For further analysis of the structure and phase, TEM and HRTEM images are shown in Fig. 3(e and f). The good crystallinity characteristics of CoAl-LDH were confirmed by the measured interplanar distance of 0.36 nm, which is well matched with the (003) crystallographic plane of CoAl-LDH (Fig. 3(f)). Simultaneously, the raw accordion shape of Ti₃C₂T_x powder could not be examined from the HRTEM images. Meanwhile, Fig. 3(g and h) demonstrate that the elements of Ti, C, O, Co and Al were fairly uniformly dispersed across the SEM image, which indicates that Ti₃C₂T_x and CoAl-LDH were successfully coupled, although the element Ti exhibited a very small amount, and the elements Co and Al were unevenly dispersed, which was verified by elemental mapping as shown in Fig. 3(e–g).

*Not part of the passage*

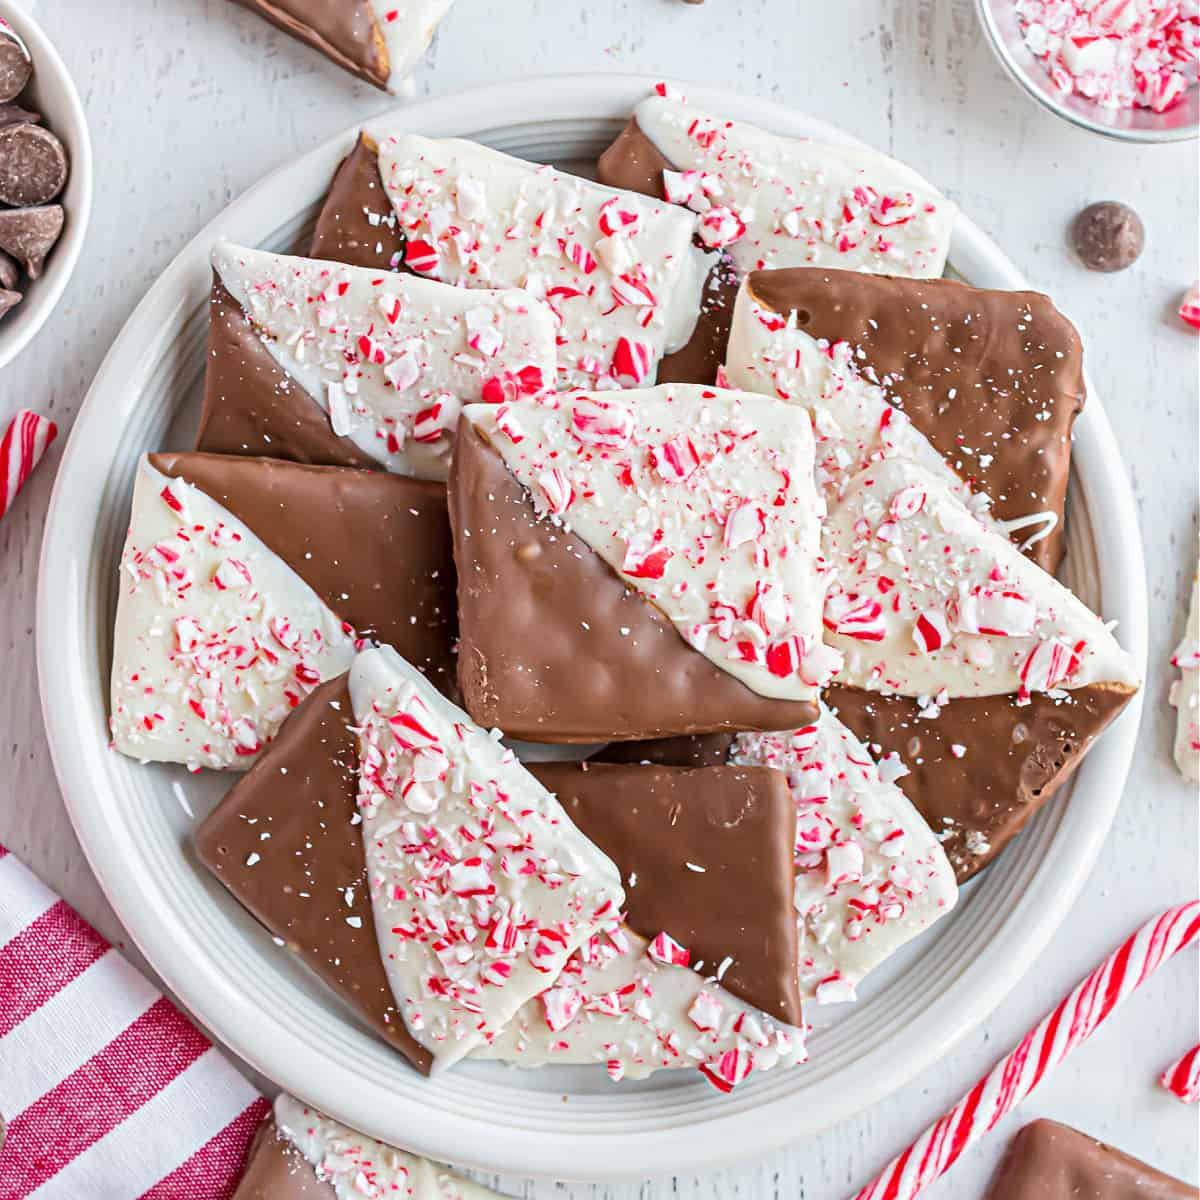 Chocolate Peppermint Grahams are the perfect last minute holiday treat. Peppermint Bark gets a chocolate graham cracker boost! These holiday treats covered in chocolate and peppermint are easy enough for the kids to make.

The inhomogeneous spatial distribution of Ti, C, O, Co, and Al elements, as revealed in Fig. 3(g and h), suggests a complex microstructure within the coating. This heterogeneity is not merely morphological but may have significant electrochemical implications. Specifically, local compositional variations can create micro-galvanic cells, where regions with nobler elements (e.g., Co- or Ti-rich zones) act as cathodes, and adjacent areas with less noble or more active elements (e.g., Al-rich or porous carbon-rich zones) act as anodes. In the presence of an electrolyte, these localized corrosion microcells could preferentially drive the dissolution of the anodic regions, potentially initiating pitting or accelerating localized degradation. Therefore, achieving a more homogeneous elemental distribution should be a target for further optimization of the coating's long-term corrosion protection.

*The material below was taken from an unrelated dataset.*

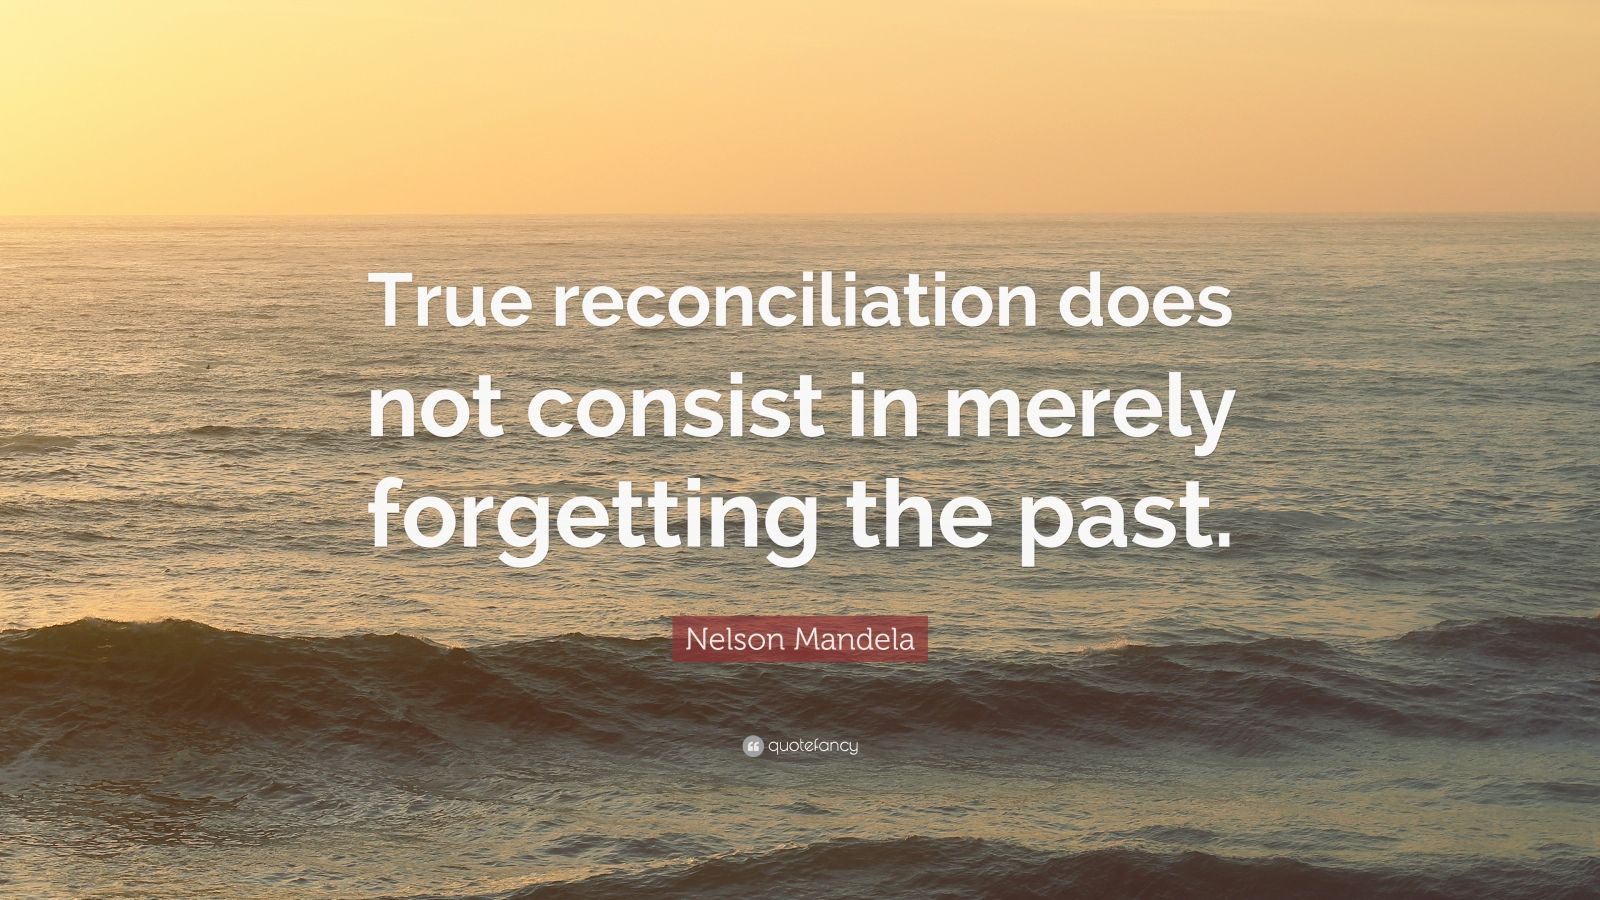 nelson-mandela-quote-true-reconciliation-does-not-consist-in-merely

3.2. Corrosion resistance of the Ti₃C₂T_x@CoAl-LDH nanocomposite

In order to evaluate the corrosion resistance performance of the composite under three fabrication conditions, the EIS measurements and Tafel curves were performed. Nyquist, Bode and Tafel curves related to different samples immersed in saline solutions are illustrated in in Fig. 4–6, respectively. The protective performance of the coatings can be preliminarily characterized by the impedance arc semicircle diameter in the Nyquist plot. The Ti₃C₂T_x@CoAl-LDH coating exhibited a higher |Z| value than the raw CoAl-LDH sample, and this indicates higher inhibition of charge transfer between the steel sheet and the prepared film, mainly due to the presence of a dense film that separates the vulnerable metal substrate from corrosive species to a large extent. It is usually identified that in the Bode curves of impedance modulus vs. f, the low-frequency impedance value at 0.01 Hz is widely used to appraise the overall anti-corrosion performance of the coatings, and the high-frequency domain impedance modulus is related to the properties of the measured film.³³

Fig. 4 Nyquist results of the (a) blank sample; (b) raw CoAl-LDH sample; and (c) Ti₃C₂T_x@CoAl-LDH composite.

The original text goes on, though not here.